TASK INPUT:
++++++++
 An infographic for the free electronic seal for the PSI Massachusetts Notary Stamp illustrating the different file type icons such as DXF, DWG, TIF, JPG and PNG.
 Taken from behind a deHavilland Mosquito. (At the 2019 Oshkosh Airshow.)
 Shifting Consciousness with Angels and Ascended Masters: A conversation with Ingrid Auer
++++++++
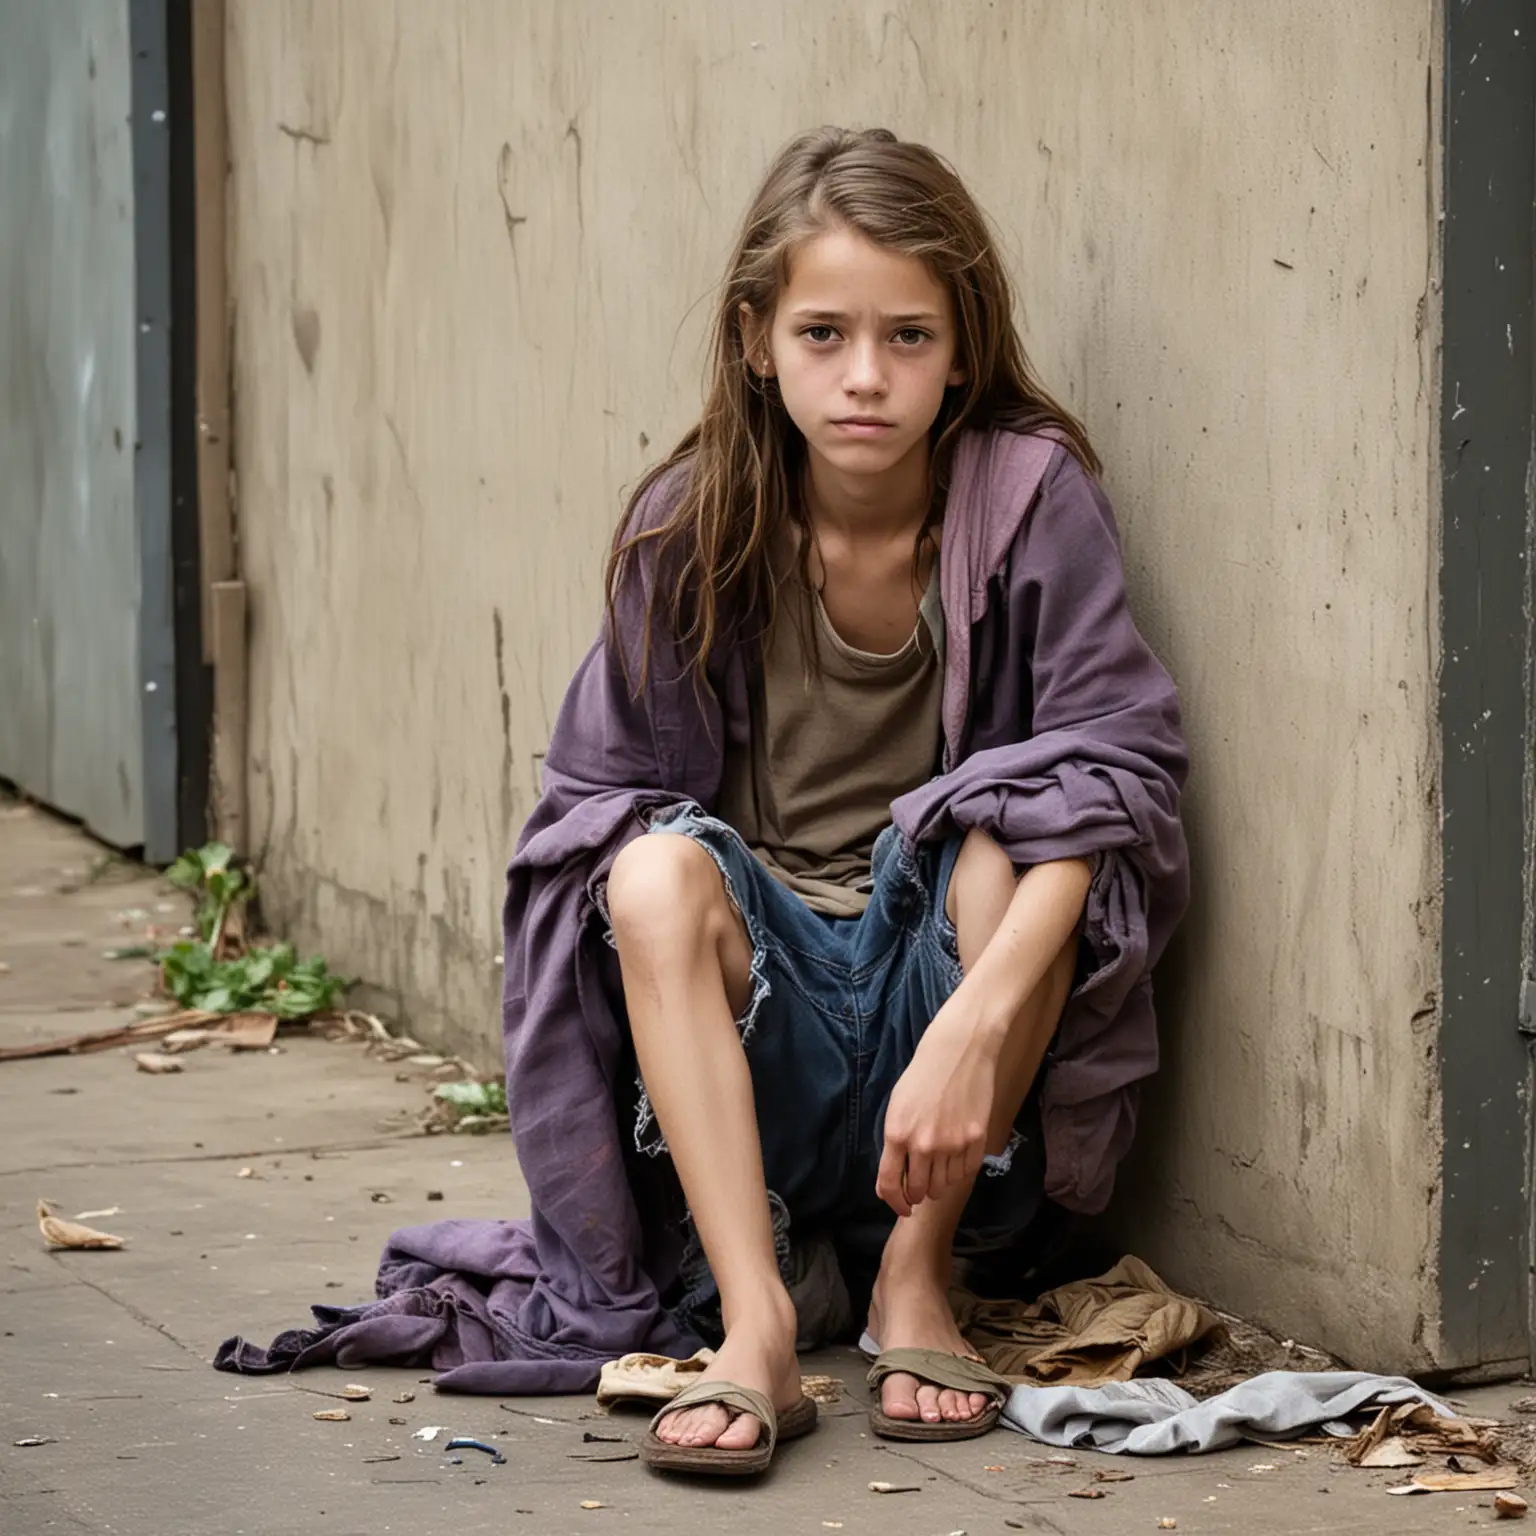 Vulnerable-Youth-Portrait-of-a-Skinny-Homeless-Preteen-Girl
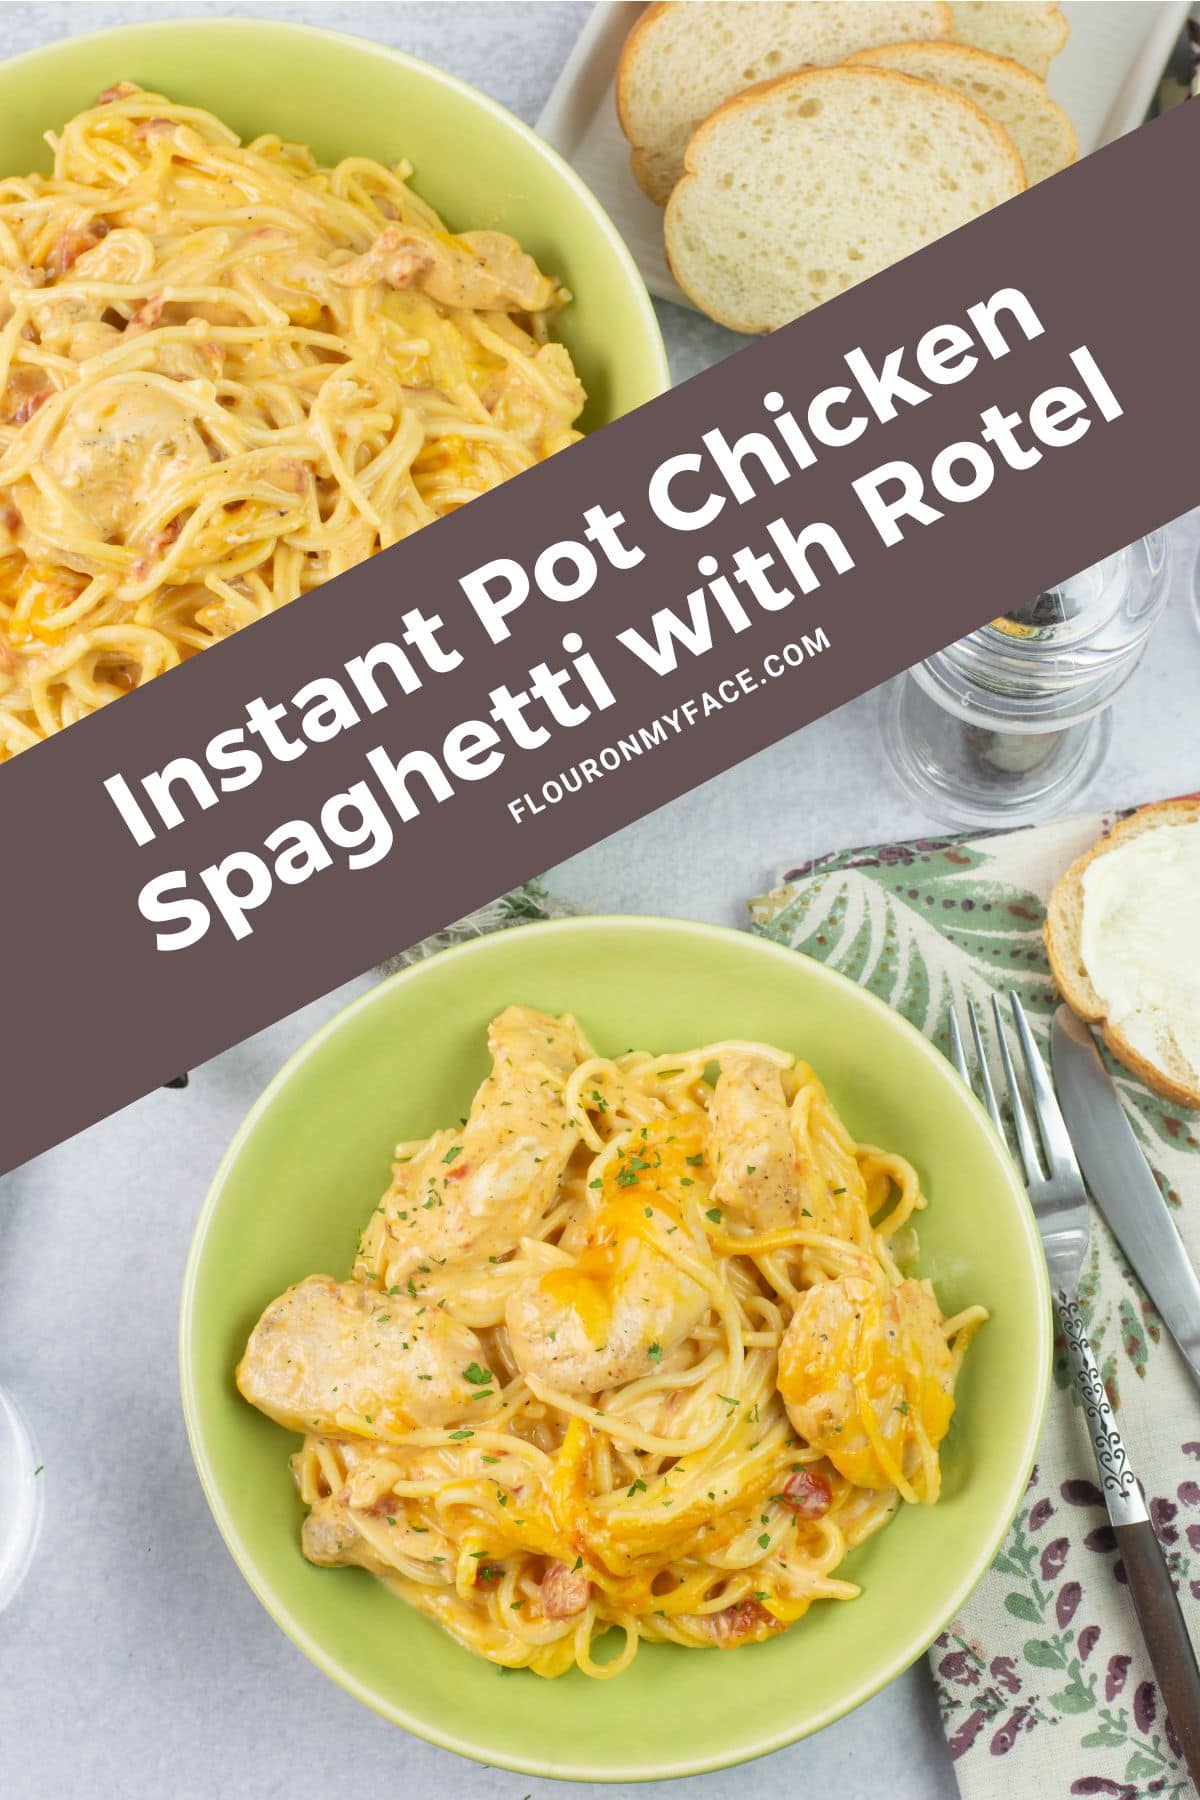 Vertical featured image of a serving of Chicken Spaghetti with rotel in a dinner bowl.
++++++++
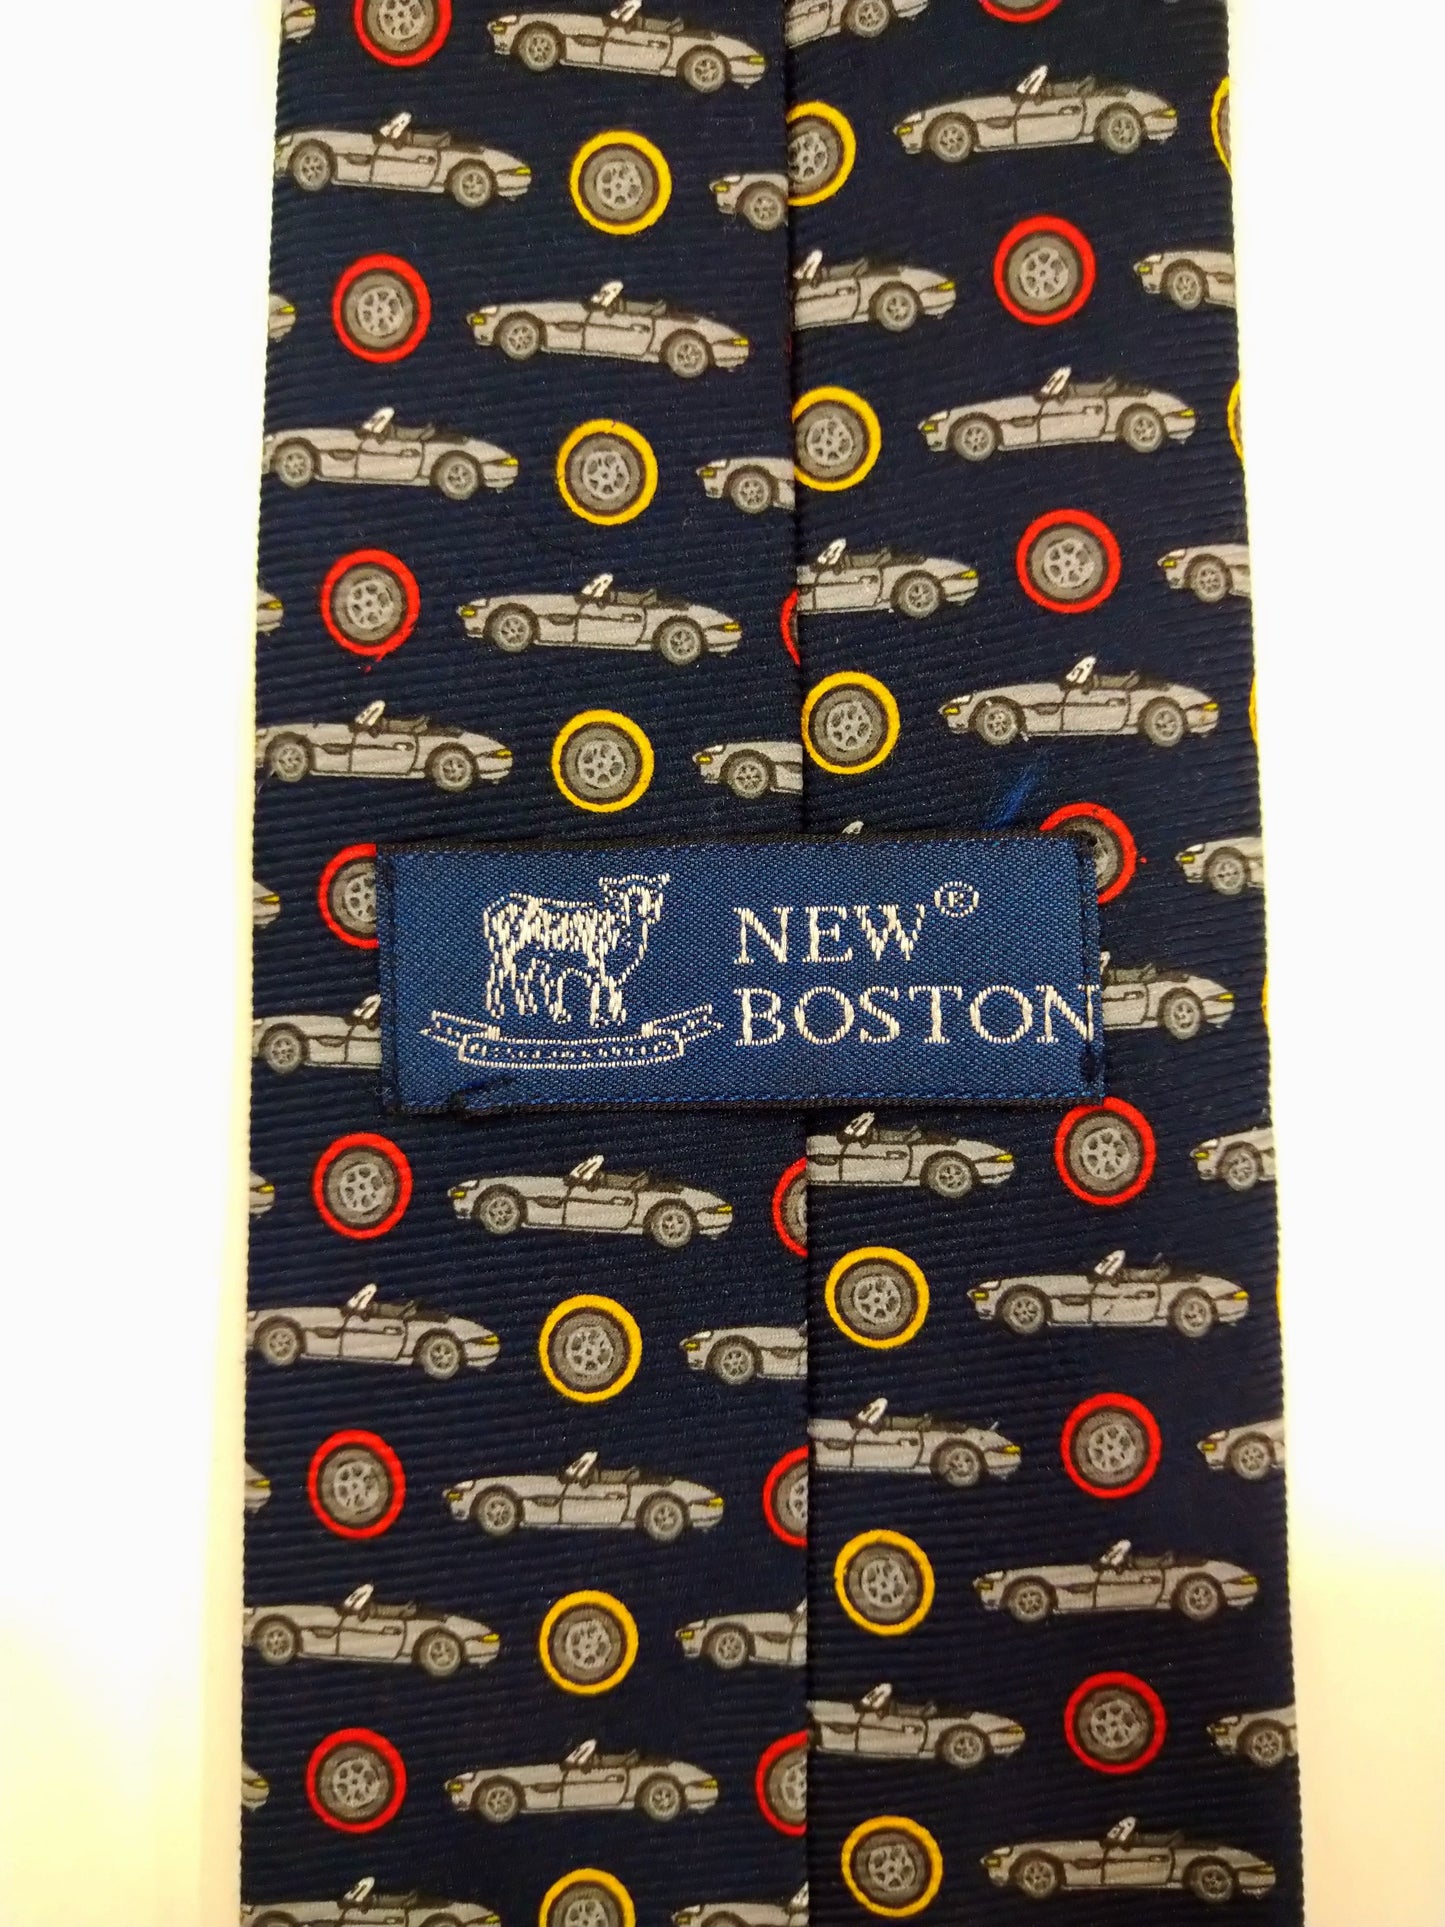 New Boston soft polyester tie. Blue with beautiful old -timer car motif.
++++++++
Only the lines above from the one with "Taken from behind" up to and including the one with "Shifting Consciousness with" should be repeated, exactly as written.

 Taken from behind a deHavilland Mosquito. (At the 2019 Oshkosh Airshow.)
 Shifting Consciousness with Angels and Ascended Masters: A conversation with Ingrid Auer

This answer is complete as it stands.